Let $n$ be an integer and consider the $n$ points $1,2,\ldots,n$ on a horizontal line. Consider sets of arcs on these points such that
- no two arcs cross each other, i.e. there exist no two arcs $(a,b),(c,d)$ with $a<b<c<d$,
- no two arcs do partially overlap, i.e. there exist no two arcs $(a,b),(a,c)$ with $a<b<c$ or $(b,a),(c,a)$ with $b<c<a$.
However, note that two arcs are allowed to fully overlap, e.g. $(a,b),(c,d)$ with $c<a<b<d$.

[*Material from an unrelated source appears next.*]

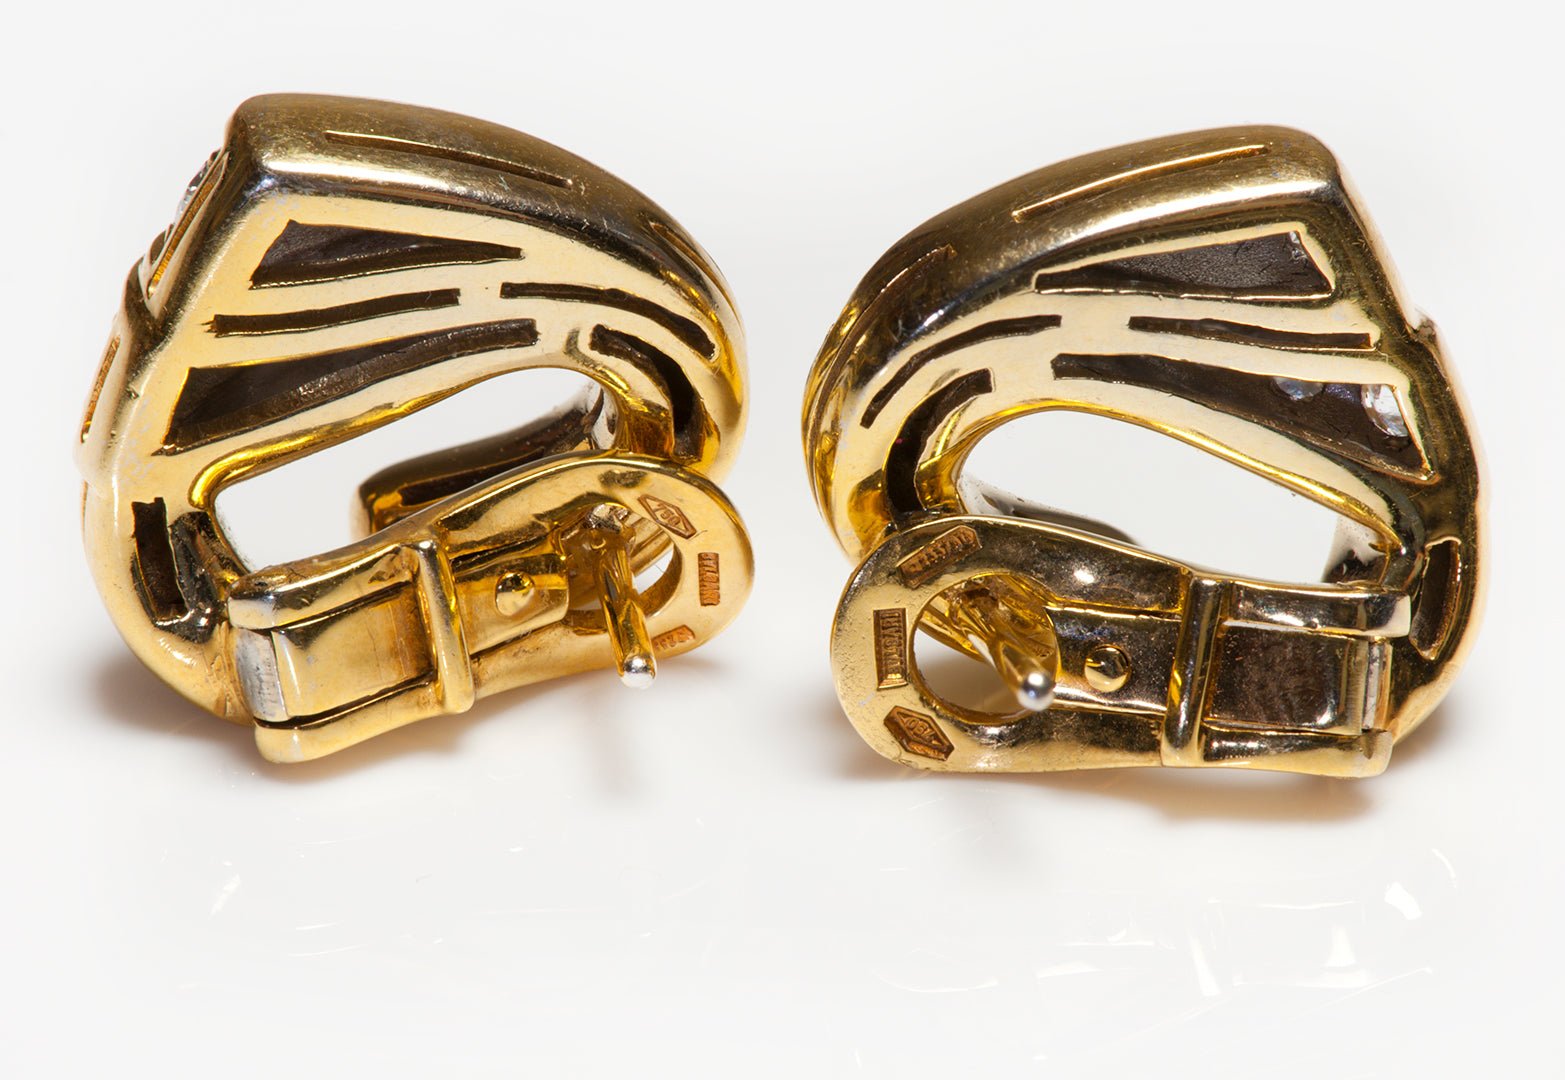 Bulgari 18K Gold Diamond Heart Earrings - DSF Antique Jewelry

The set for all such graphs for $n=2,3,4$ is
Now it seems that the number of such graphs is $$2, 5, 14, 42, 132, 429, 1430,\ldots$$ which are simply Catalan numbers.
I know there are many interpretations of Catalan numbers, but I could not directly find the above one. Is the above set of non-crossing and non-partially-overlapping arcs (a) known under a different name, or (b) in a one-to-one correspondence to a known interpretation of Catalan numbers?
I’ll briefly sketch a bijection between these diagrams on $n$ points and valid strings of $n$ pairs of parentheses. The sketch will be a bit rough, as I’m going to have to shut down shortly and will explain it largely by example.
Start with one of your diagrams. Each point represents a matched pair
()of parentheses. If $k<\ell$, and there is an arc from point $k$ to point $\ell$, then all of the pairs corresponding to points $k+1,\ldots,\ell$ are inside pair $k$. If this is a maximal arc, all pairs $j$ with $j<k$ are to the left of pair $k$, and all pairs $j$ with $\ell<j$ are to the right of pair $j$. If it is maximal within a larger arc from $p$ to $q$, all pairs $j$ with $p<j<k$ are to the left of pair $k$ within pair $p$, and all pairs $j$ with $\ell<j<q$ are to the right of pair $j$ within pair $p$.These rules, applied recursively if necessary, suffice to convert your diagrams to valid parenthesis strings. For $n=4$, for instance, your diagrams, in order from the top down, correspond to the following strings, in which each pair of matched parentheses is labelled with the number of the corresponding point:
$$\begin{align*} &(_1)_1(_2)_2(_3)_3(_4)_4\\ &(_1(_2)_2)_1(_3)_3(_4)_4\\ &(_1(_2)_2(_3)_3)_1(_4)_4\\ &(_1(_2)_2(_3)_3(_4)_4)_1\\ &(_1)_1(_2(_3)_3)_2(_4)_4\\ &(_1)_1(_2(_3)_3(_4)_4)_2\\ &(_1)_1(_2)_2(_3(_4)_4)_3\\ &(_1(_2(_3)_3)_2)_1(_4)_4\\ &(_1(_2(_3)_3(_4)_4)_2)_1\\ &(_1(_2)_2)_1(_3(_4)_4)_3\\ &(_1(_2)_2(_3(_4)_4)_3)_1\\ &(_1(_2(_3)_3)_2(_4)_4)_1\\ &(_1)_1(_2(_3(_4)_4)_3)_2\\ &(_1(_2(_2(_4)_4)_3)_2)_1 \end{align*}$$
With a bit of thought it’s clear that the procedure produces only valid parenthesis strings.
Starting with a valid string of $n$ pairs of parentheses, you simply reverse the process to get a set of arcs on a line of $n$ points. First number the pairs from $1$ to $n$ in the order in which their left parentheses appear. For example the string
(()(()))becomes $(_1(_2)_2(_3(_4)_4)_3)_1$. There are parentheses inside pair $1$, so there will be an arc from point $1$. The top level pairs inside pair $1$ are pairs $2$ and $3$, so the arc from point $1$ will be to point $3$, corresponding to the rightmost of these pairs. Pair $4$ is inside pair $3$, so there will be an arc from point $3$ to point $4$. The resulting graph is the fourth one up from the bottom in your list.Again, a bit of thought shows that no crossing arcs are created by this process.